Sales and distribution
Distribution
Our market extends from the Ecuadorian border in the north of Peru to the city of Barranca in the south (approximately 180 kilometers north of Lima), to the Andes mountains in the east and the Pacific Ocean in the west. Our market covers the provinces of Amazonas, Cajamarca, La Libertad, Lambayeque, Piura and Tumbes in the north; and San Martín and Loreto in the northeast.
Our Pacasmayo facility supplies the entire northern region of Peru from Tumbes to Casma and Huarmey. Our Rioja facility supplies the cities of Jaen, Chachapoyas, Pedro Ruiz, Nuevo Cajamarca, Rioja, Moyobamba, Tarapoto and Yurimaguas.
In 2010, approximately 92% of our total cement shipments were in the form of bagged cement, substantially all of which was sold through retailers both within and outside of our distribution network. The remaining 8% of our cement was sold in bulk or in shipments of concrete blocks or ready-mix concrete directly to large construction companies.

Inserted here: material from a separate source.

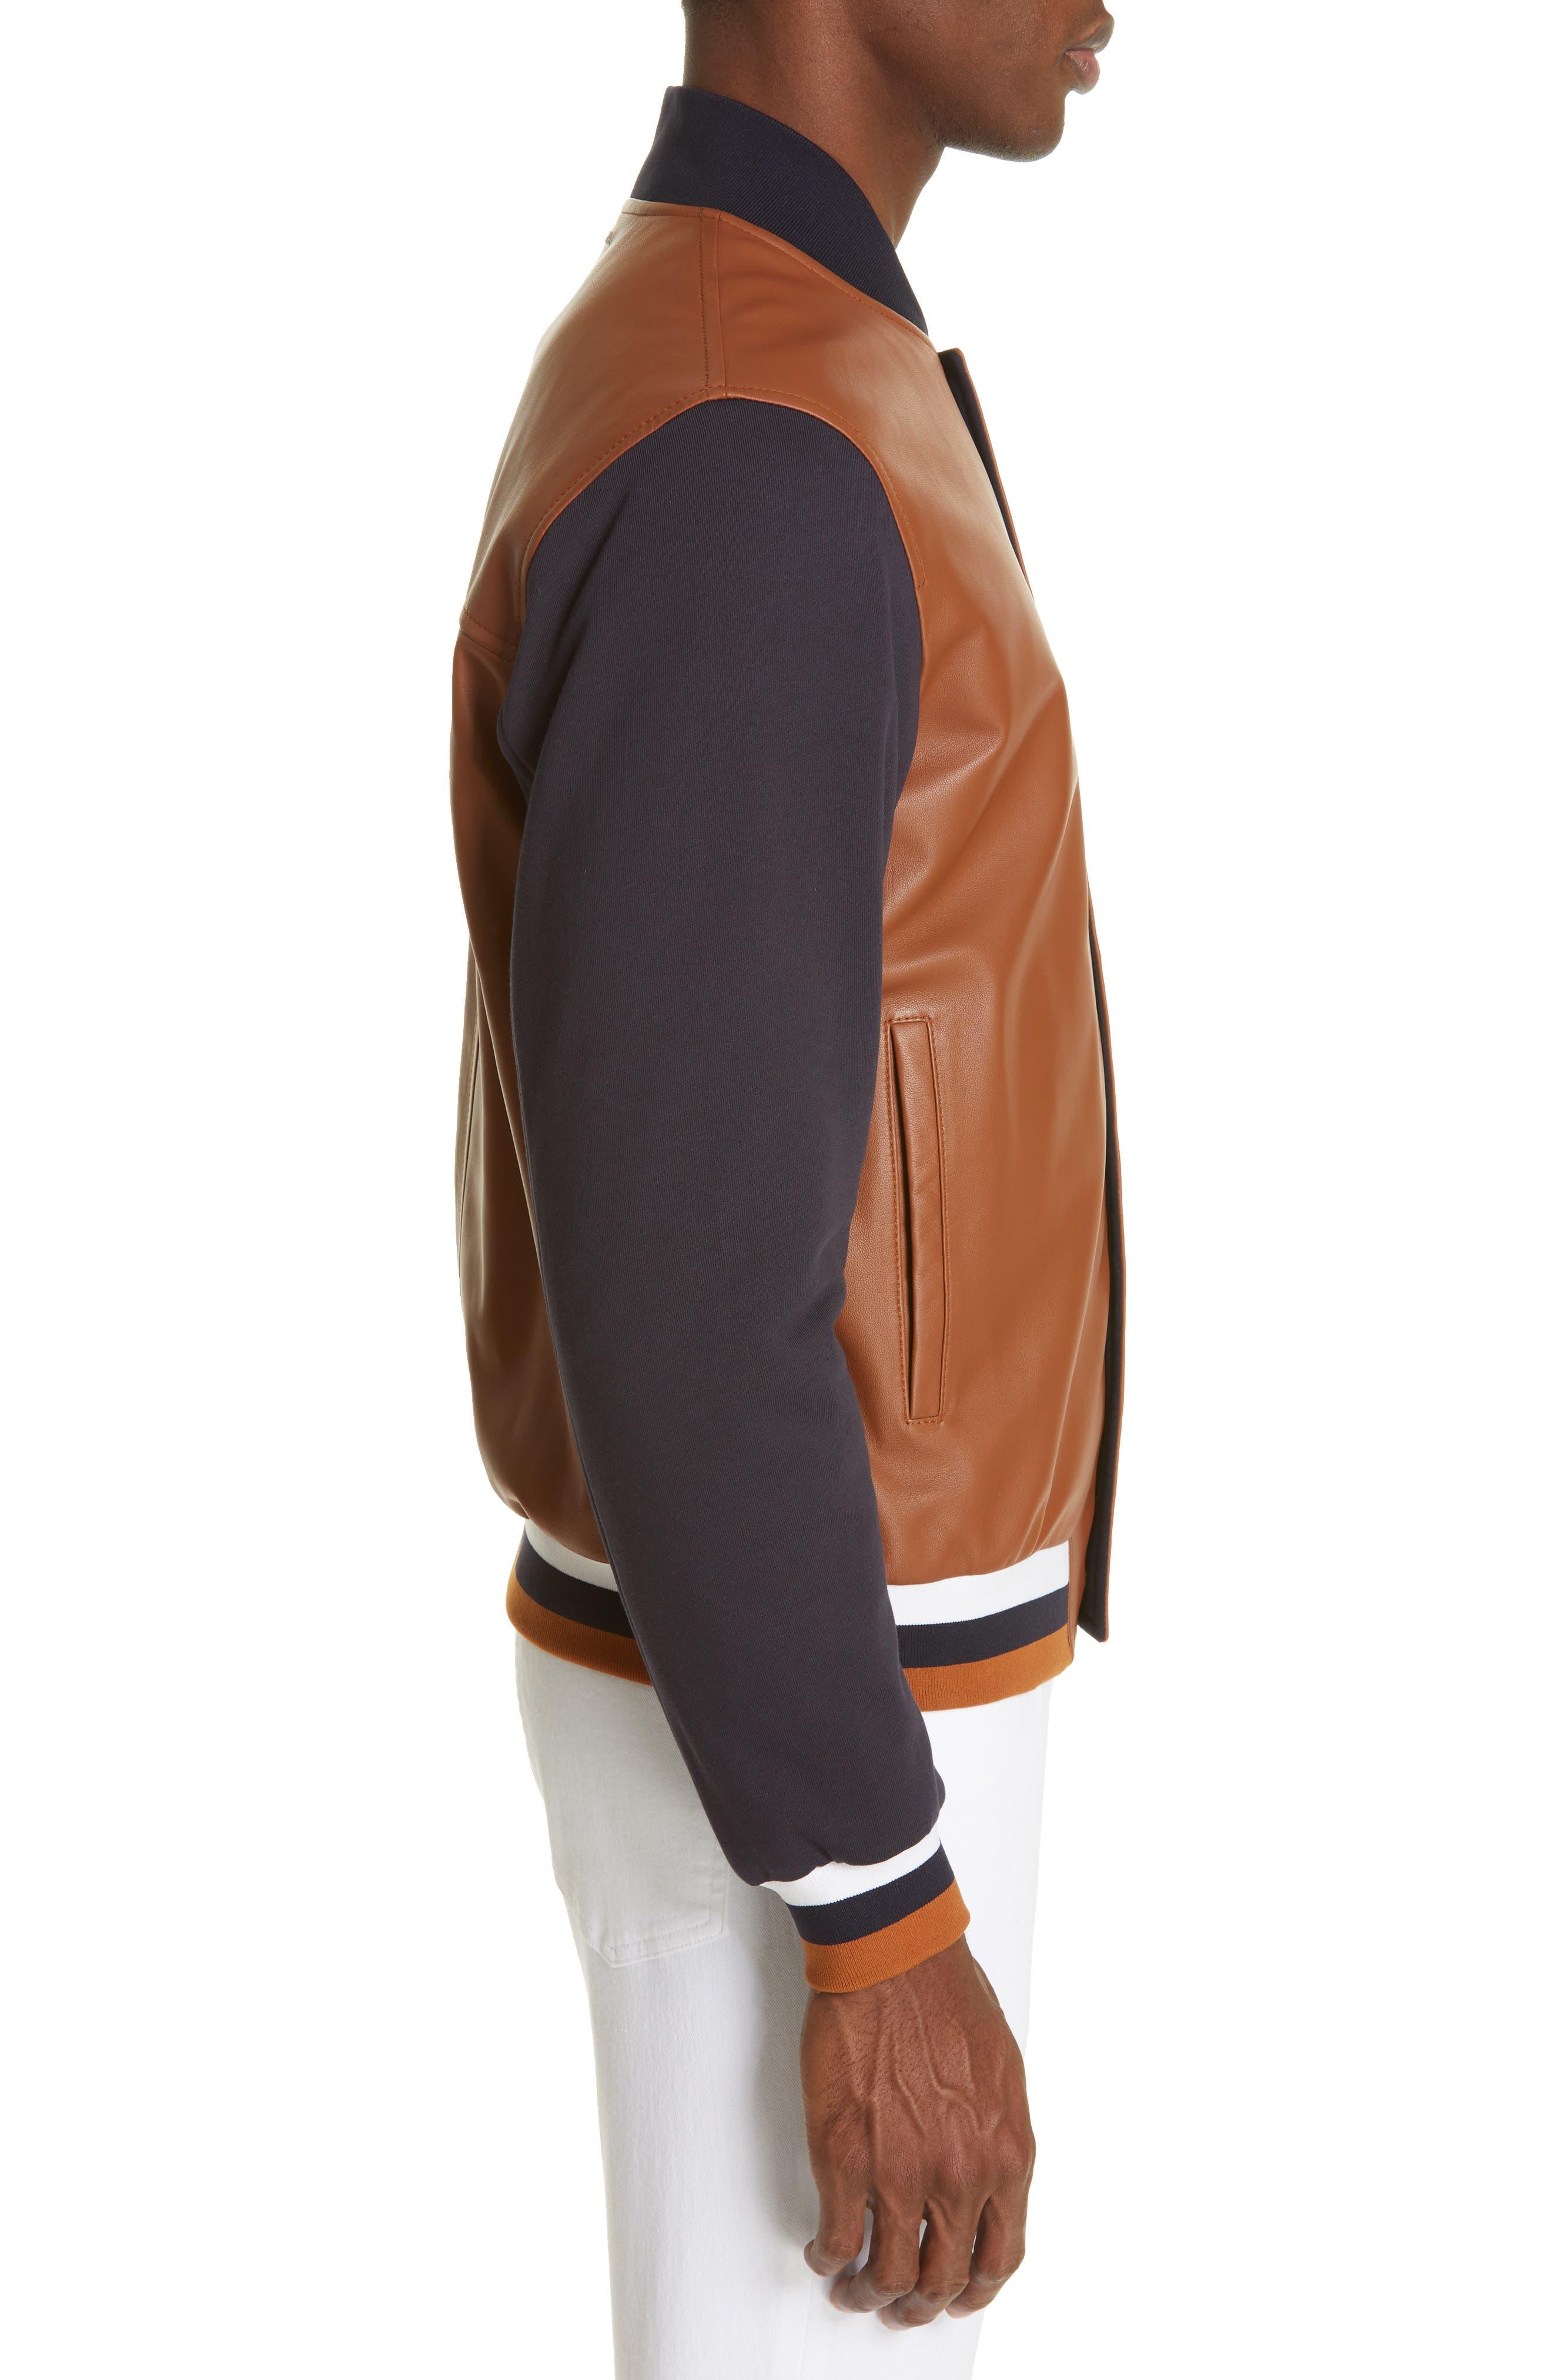 Z ZEGNA, Contrast Leather Bomber Jacket, Alternate thumbnail 3, color, NAVY/ BROWN

We have developed one of the largest independent retail distribution networks for construction materials in Peru, consisting of more than 130 local hardware stores, with whom we have a distribution agreement. In addition, we also distribute to 160 other independent retailers located throughout the northern region of Peru with whom we do not have contractual relationships. We have built our distribution network by investing in strengthening our relationship with retailers.
Additionally, we sell and distribute other construction materials manufactured by third parties that are used with cement, such as steel rebar, plastic pipes and electrical wires, among others.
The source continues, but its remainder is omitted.